With 177 countries now having signed the Paris Agreement agreed by 195 countries at COP21 in December 2015, the hard work starts now. And while it may not have been so apparent at the outset, the pact charts a clear path for the resurgence of carbon markets, which may help countries achieve their Nationally Determined Contributions (NDCs) and the nations of the world to collectively keep the global temperature rise below 2°C.
By allowing countries to use international carbon markets in meeting their greenhouse gas (GHG) emission reduction ambitions, the Paris Agreement also acknowledges the use of market-based instruments as one of the cost-effective solutions to address climate change.
Here are two key points that are not to be missed, all in Article 6 of the Paris Agreement:
- "Cooperative approaches" (paragraph 2)
- "A new mechanism” to contribute to the mitigation of GHG emissions (paragraph 4)
What does all that mean?
Under paragraph 2, the Paris Agreement allows for countries to voluntarily cooperate to meet their NDCs through the use of "internationally-transferred mitigation outcomes". In short, the agreement allows for GHG emission reductions in one country to be used by another country to help it fulfill its NDC.
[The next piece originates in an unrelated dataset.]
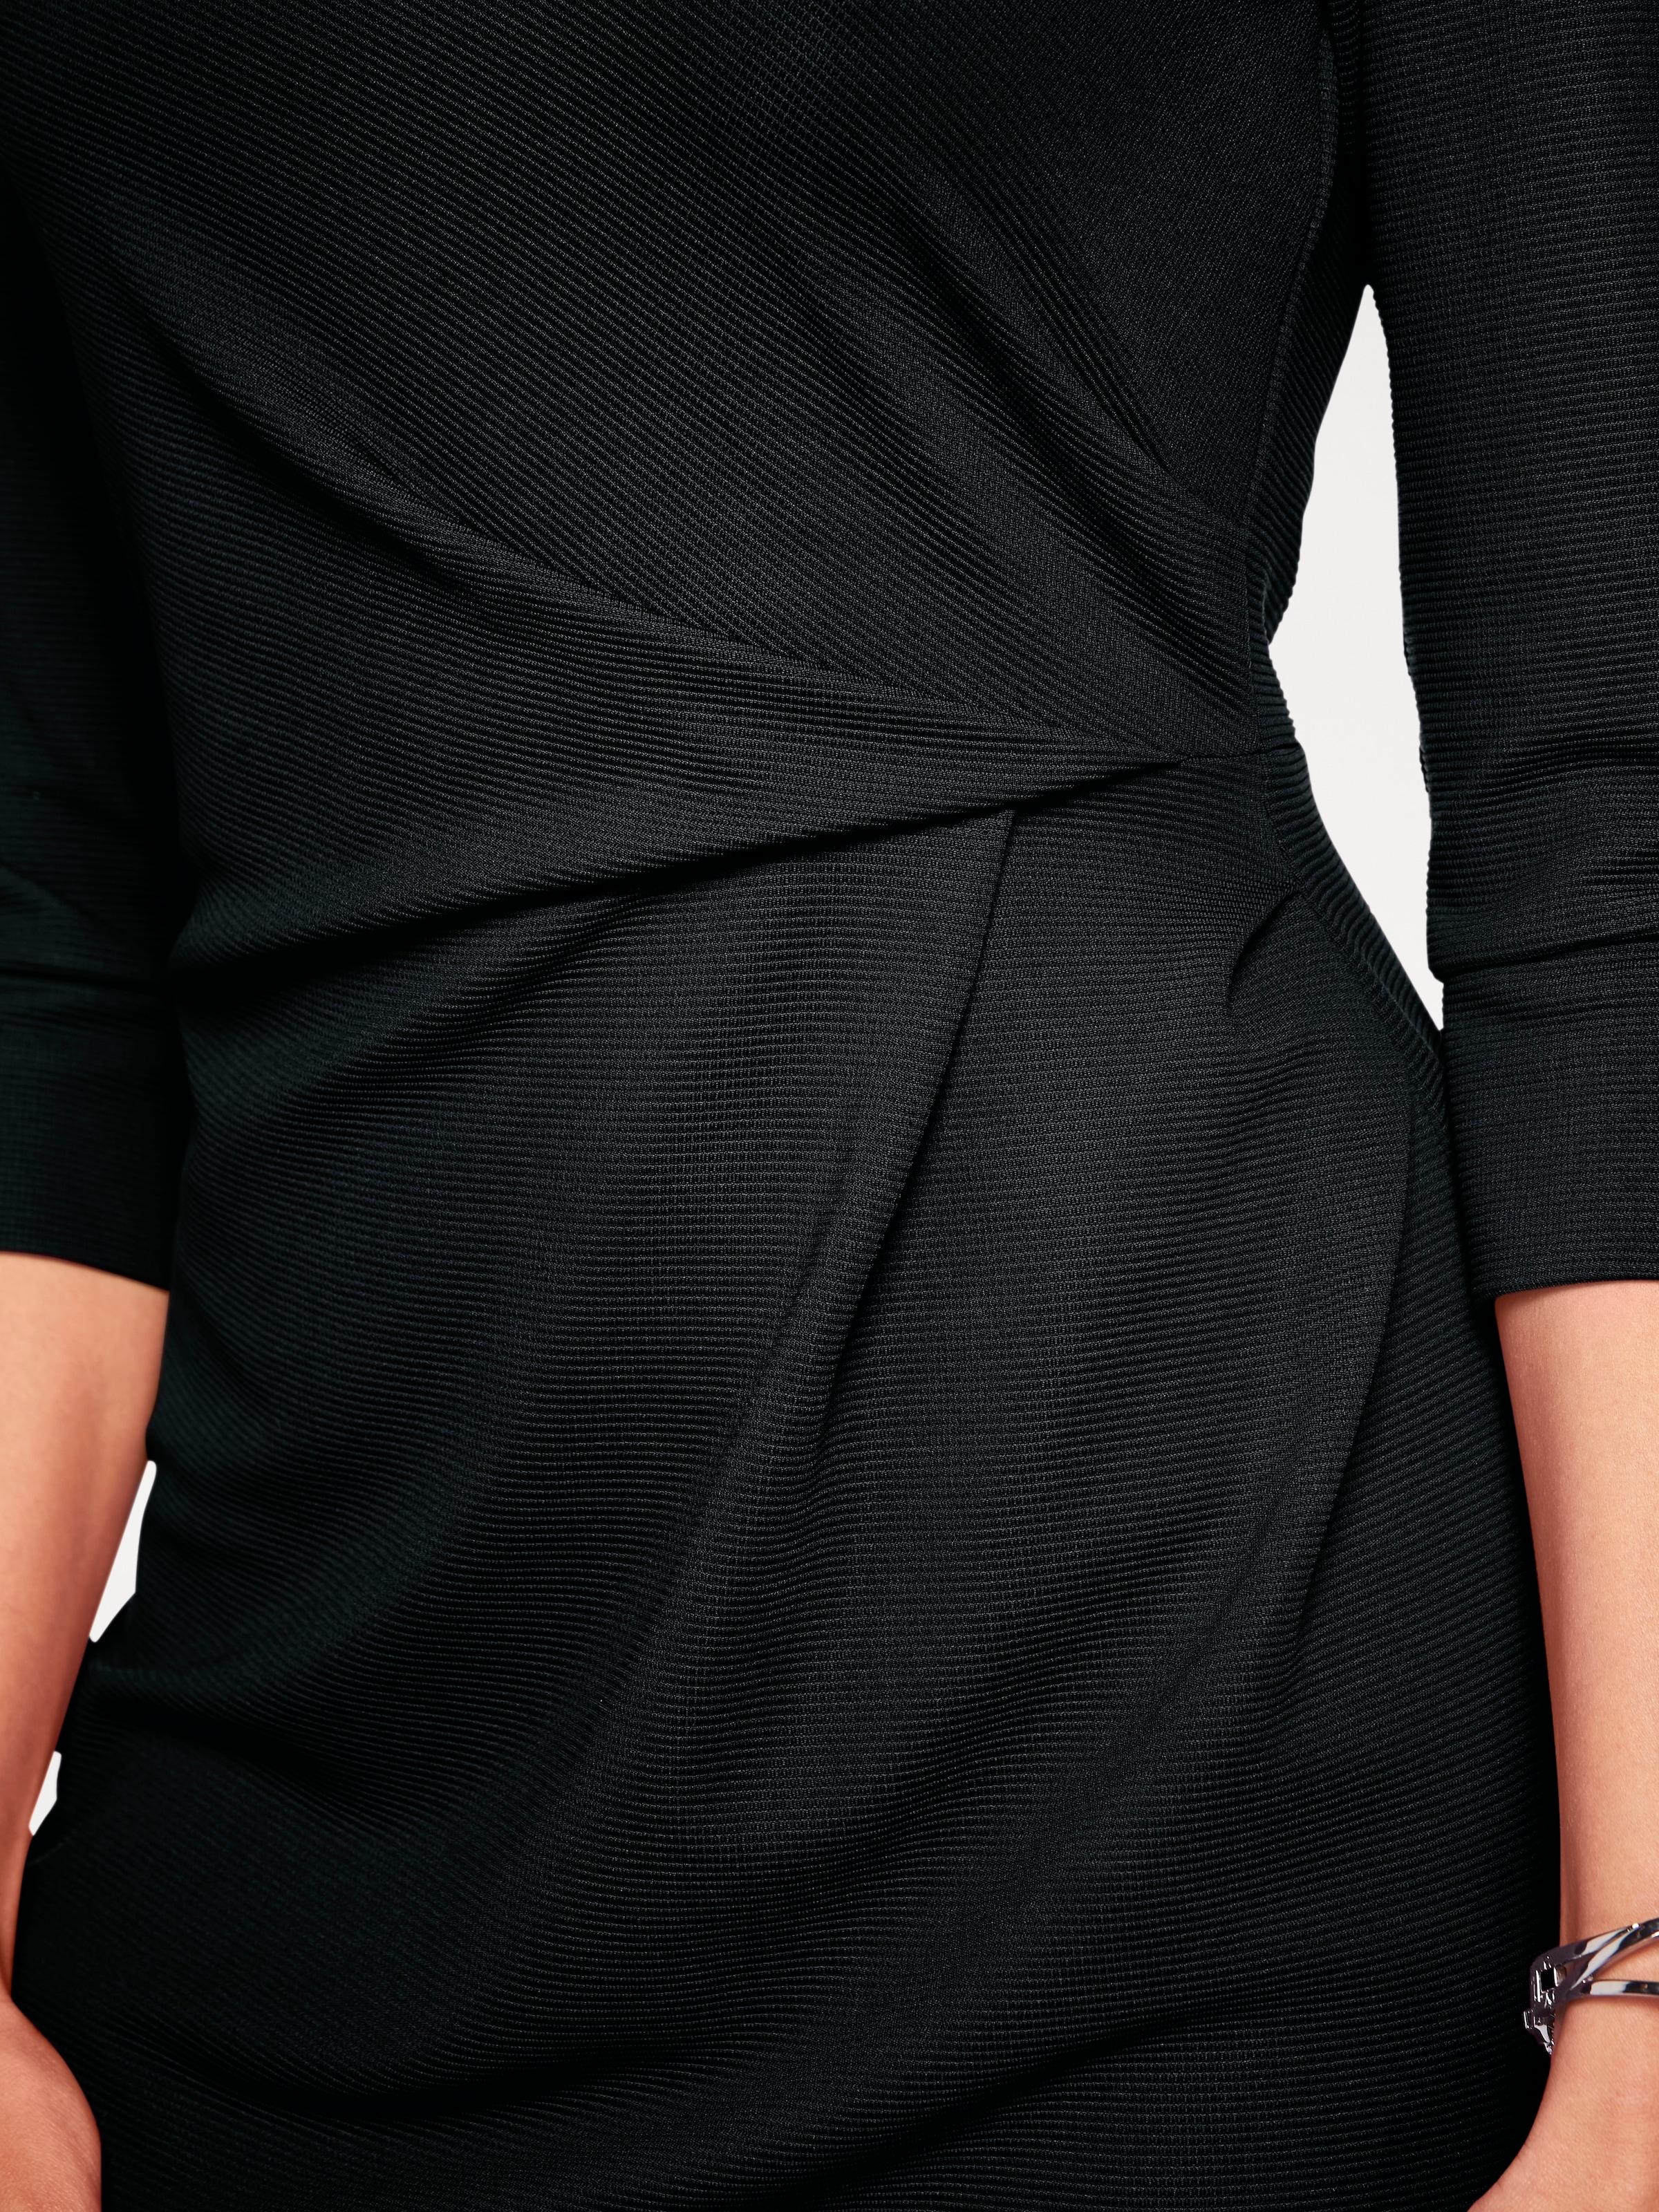 Geniue Händler Schnell Express Ashley Brooke by heine Jerseykleid mit Raffungen Günstiger Preis Store Günstiger Preis Aus Deutschland Rabatt Ebay pqpFFBOVl

This use and transfer of GHG emission reductions – or mitigation outcomes in the jargon - to other countries as envisaged under cooperative approaches would offer opportunities for the linking of various domestic emission trading schemes (ETS) and creation of regional ETS. The agreement prominently obliges signatories to promote sustainable development and ensure environmental integrity and transparency in using such cooperative approaches.
Cooperative approaches may well also spur further development of bilateral mechanisms such as the Joint Crediting Mechanism (JCM) promoted by the Government of Japan that may also help host countries in achieving their NDCs while simultaneously increasing the introduction of advanced low carbon technologies and more climate finance.
Meanwhile, paragraph 4 of the Paris Agreement will establish a mechanism by which public and private entities can support GHG emission reductions and sustainable development for example through projects or programs. Details of this new mechanism – along with other rules and procedures – will be laid out at the CMA (Conference of the Parties serving as the meeting of the Parties to the Paris Agreement) – once a sufficient number of countries ratify the agreement and it comes into force.
The mechanism would be supervised by a body designated by the CMA which will also establish the rules, procedures, and modalities of the new mechanism. The concept of the mechanism to facilitate the transfer of GHG emission reductions is reminiscent of the Clean Development Mechanism (CDM) and the Joint Implementation (JI) for that matter under the Kyoto Protocol, which allowed GHG emission reduction activities to be established in developing countries and the Certified Emission Reductions (CERs) bought and sold on international carbon markets. The new mechanism established under the Paris Agreement will however be different from the CDM notably in that all those ratifying the agreement can use the GHG emission reductions to meet their NDC goals (unlike CDM under which only developed economies need to purchase the CERs) and that any countries can host carbon reducing projects (as opposed to only developing countries under the CDM). Still, the new mechanism will, of course, be able to draw on from the many lessons learned from other mechanisms such as CDM and the JI. While the UNFCCC’ Subsidiary Body for Scientific and Technological Advice meeting in Bonn this month will deliberate over the development of new approaches and mechanism, I hope lessons learned from the CDM/JI as also EU ETS will be taken into consideration in due course.
Moving forward, cooperative approaches and the new mechanism as enshrined in the Paris Agreement will open up opportunities for the global community to work together and generate momentum for market-based instruments and encourage low carbon growth. For sure, the landscape of the carbon markets will be quite different from what we have seen under the Kyoto Protocol. While it is likely to be decentralized, diverse and fragmented, at least initially, economic considerations may facilitate interlinking, where some, if not all, will participate.
All this, we believe, lays the groundwork for what we expect will be a resurgence of the carbon markets, in a new stronger form and with greater global commitment.